Aim of the task:
Without the pictures, write the listing out again exactly as it appears.

Information provided:

----------

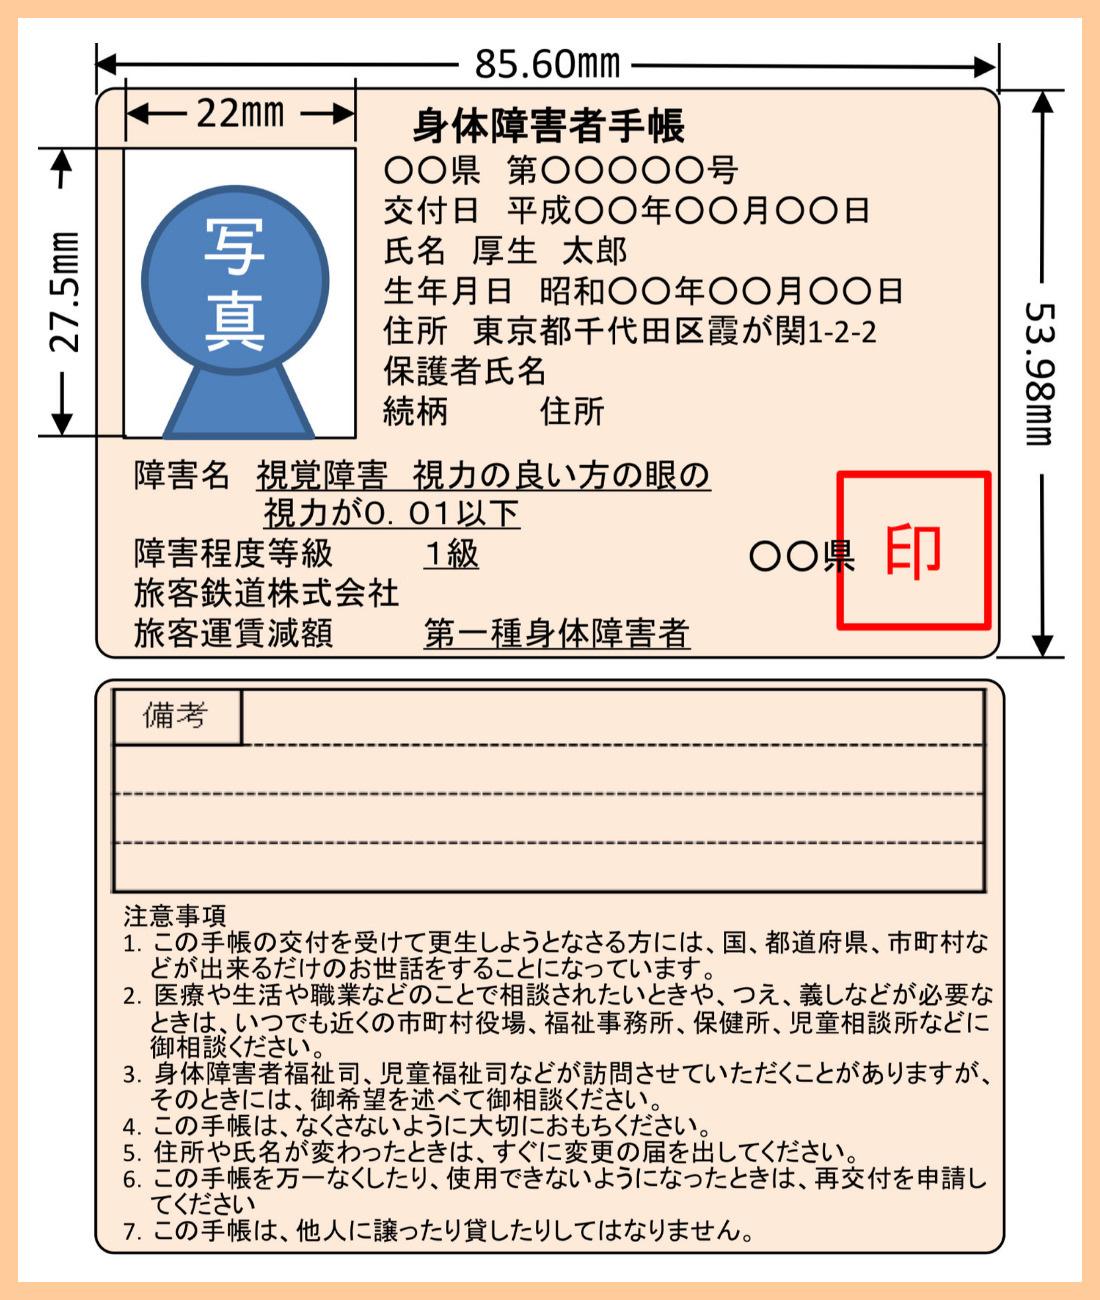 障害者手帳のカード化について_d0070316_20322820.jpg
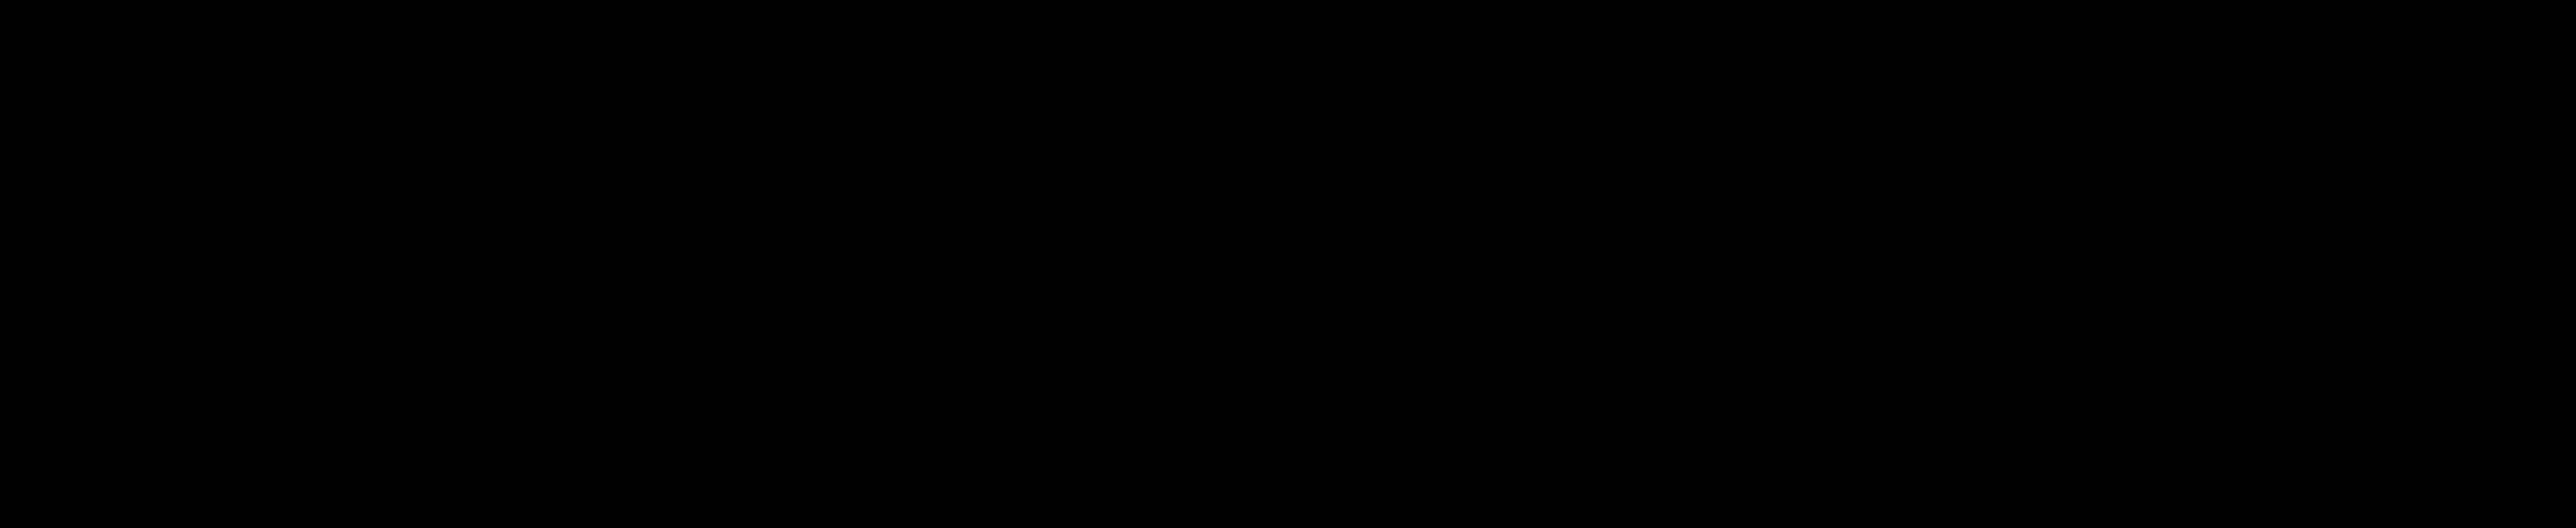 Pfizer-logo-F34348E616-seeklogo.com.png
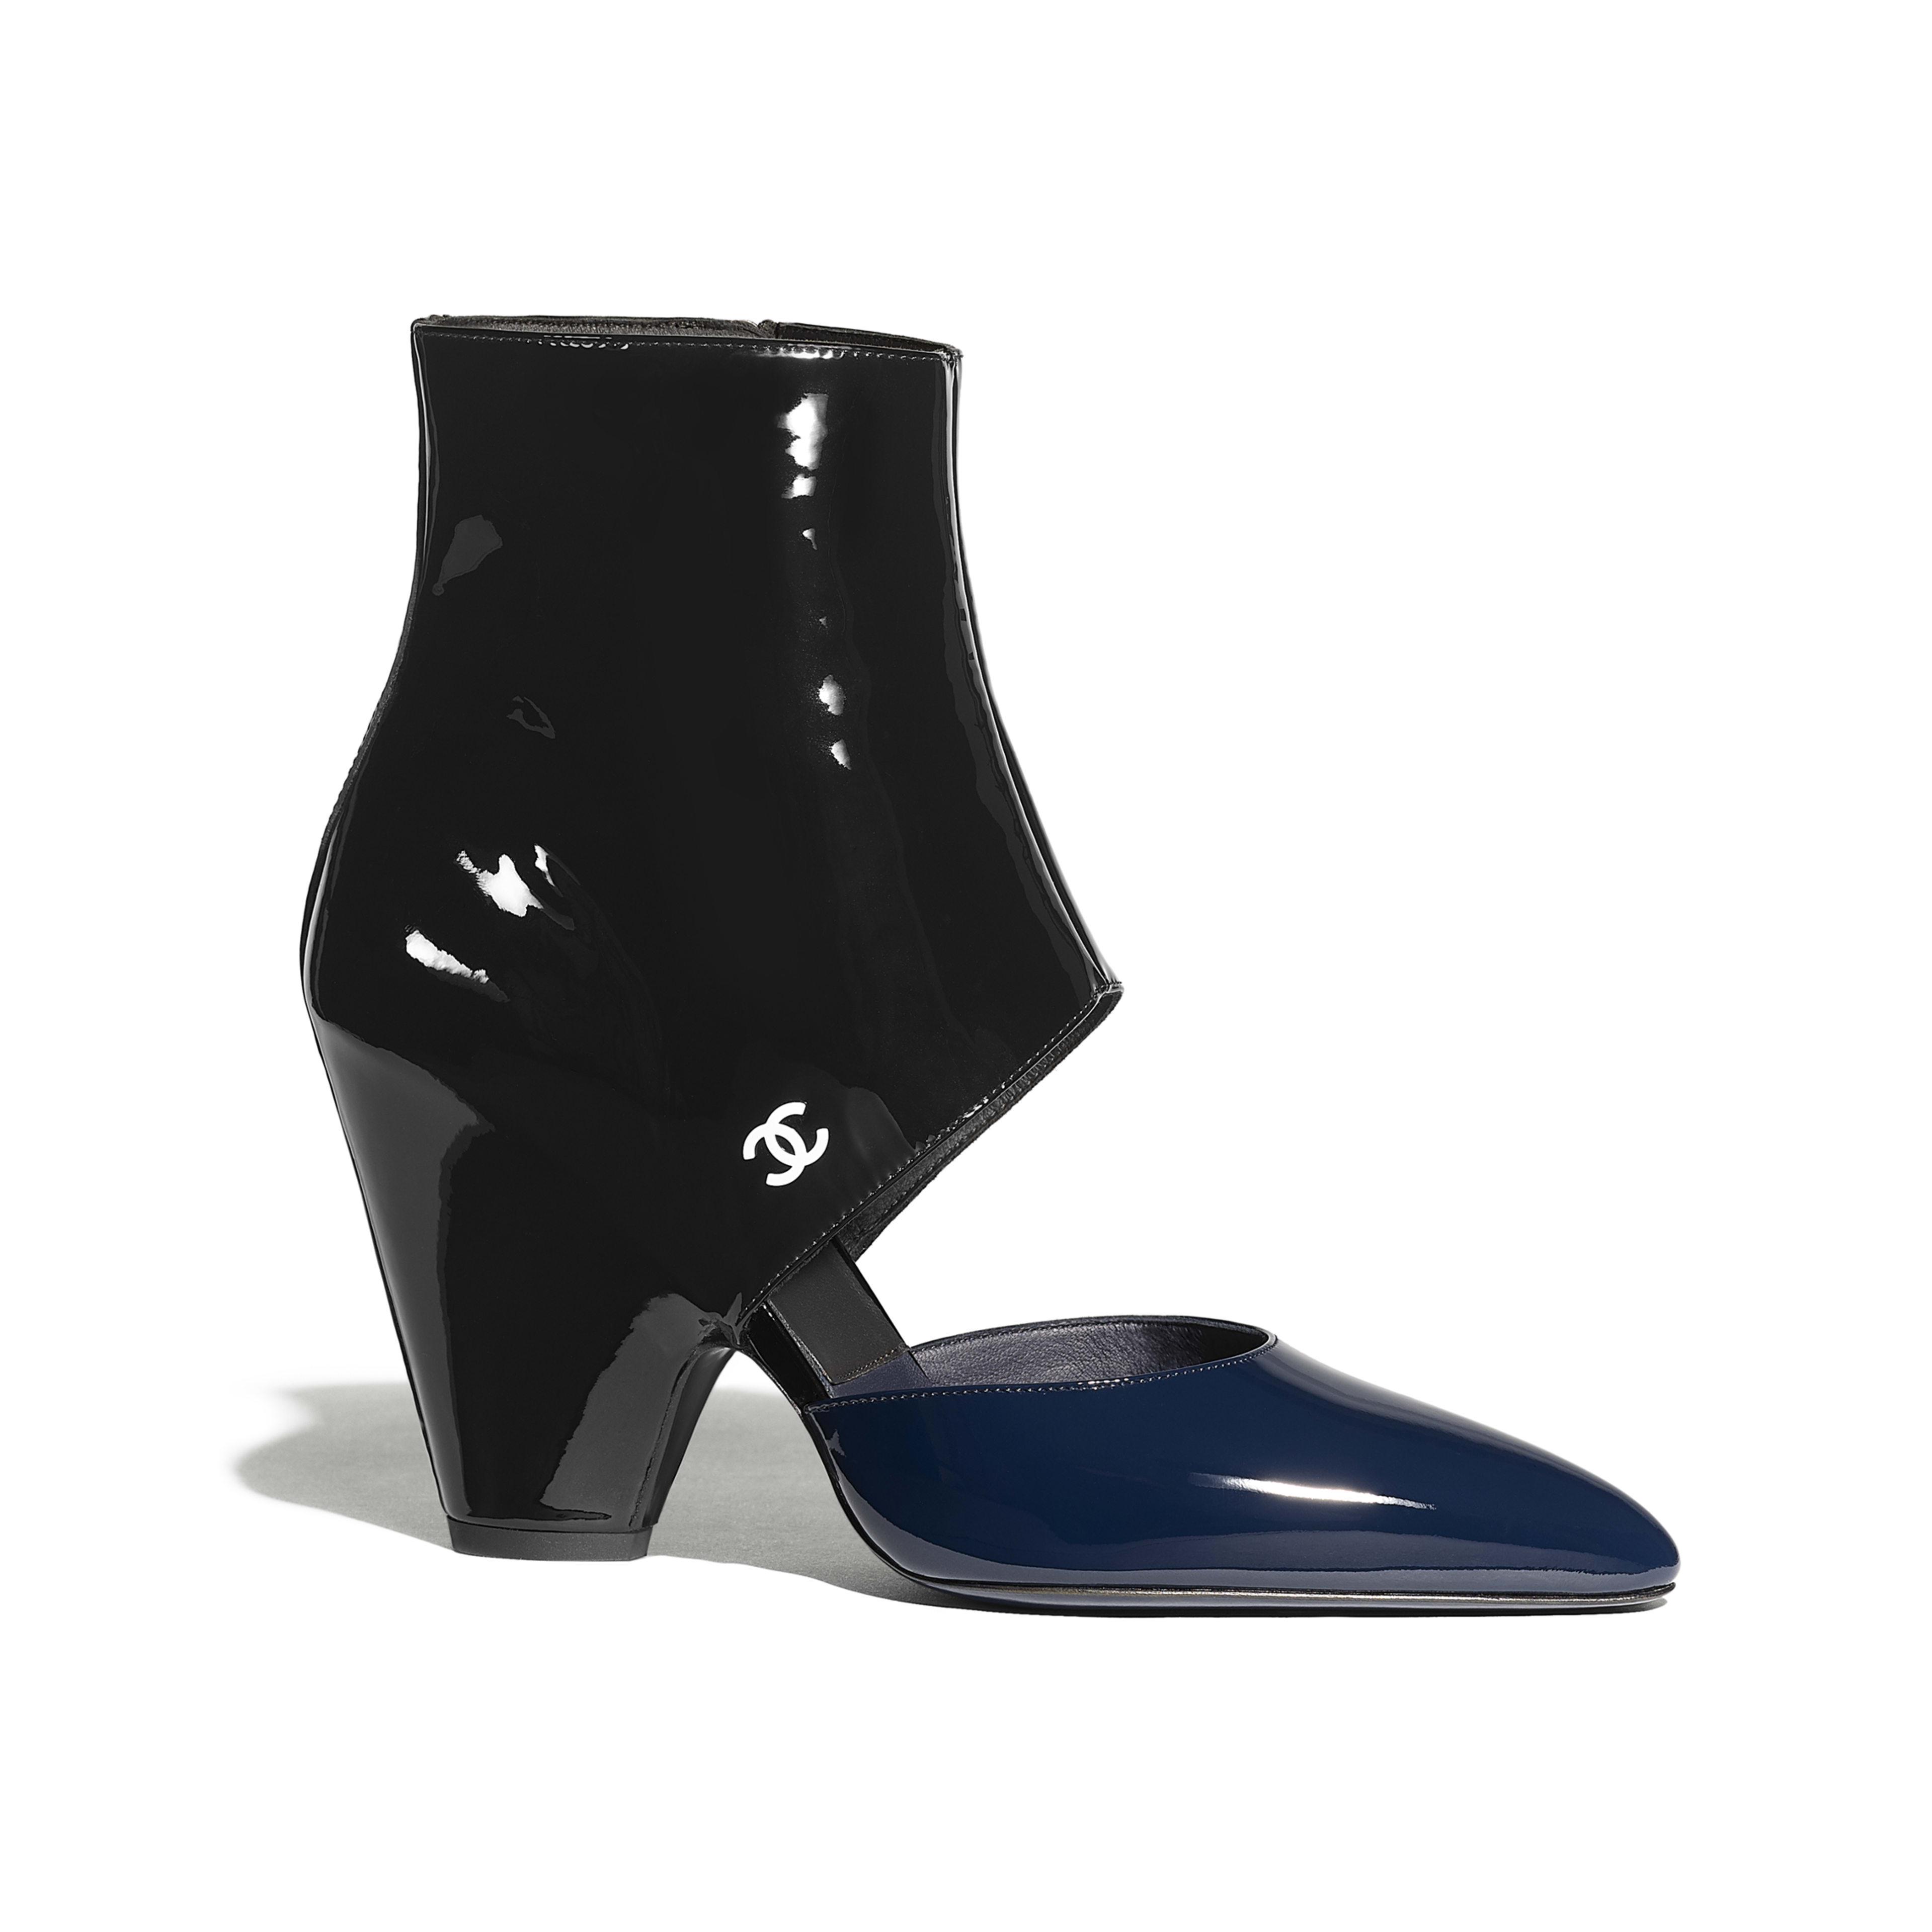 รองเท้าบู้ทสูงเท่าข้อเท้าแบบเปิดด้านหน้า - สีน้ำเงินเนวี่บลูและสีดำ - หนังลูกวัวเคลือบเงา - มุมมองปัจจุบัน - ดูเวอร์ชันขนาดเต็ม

----------

Response:
 障害者手帳のカード化について_d0070316_20322820.jpg
 Pfizer-logo-F34348E616-seeklogo.com.png
 รองเท้าบู้ทสูงเท่าข้อเท้าแบบเปิดด้านหน้า - สีน้ำเงินเนวี่บลูและสีดำ - หนังลูกวัวเคลือบเงา - มุมมองปัจจุบัน - ดูเวอร์ชันขนาดเต็ม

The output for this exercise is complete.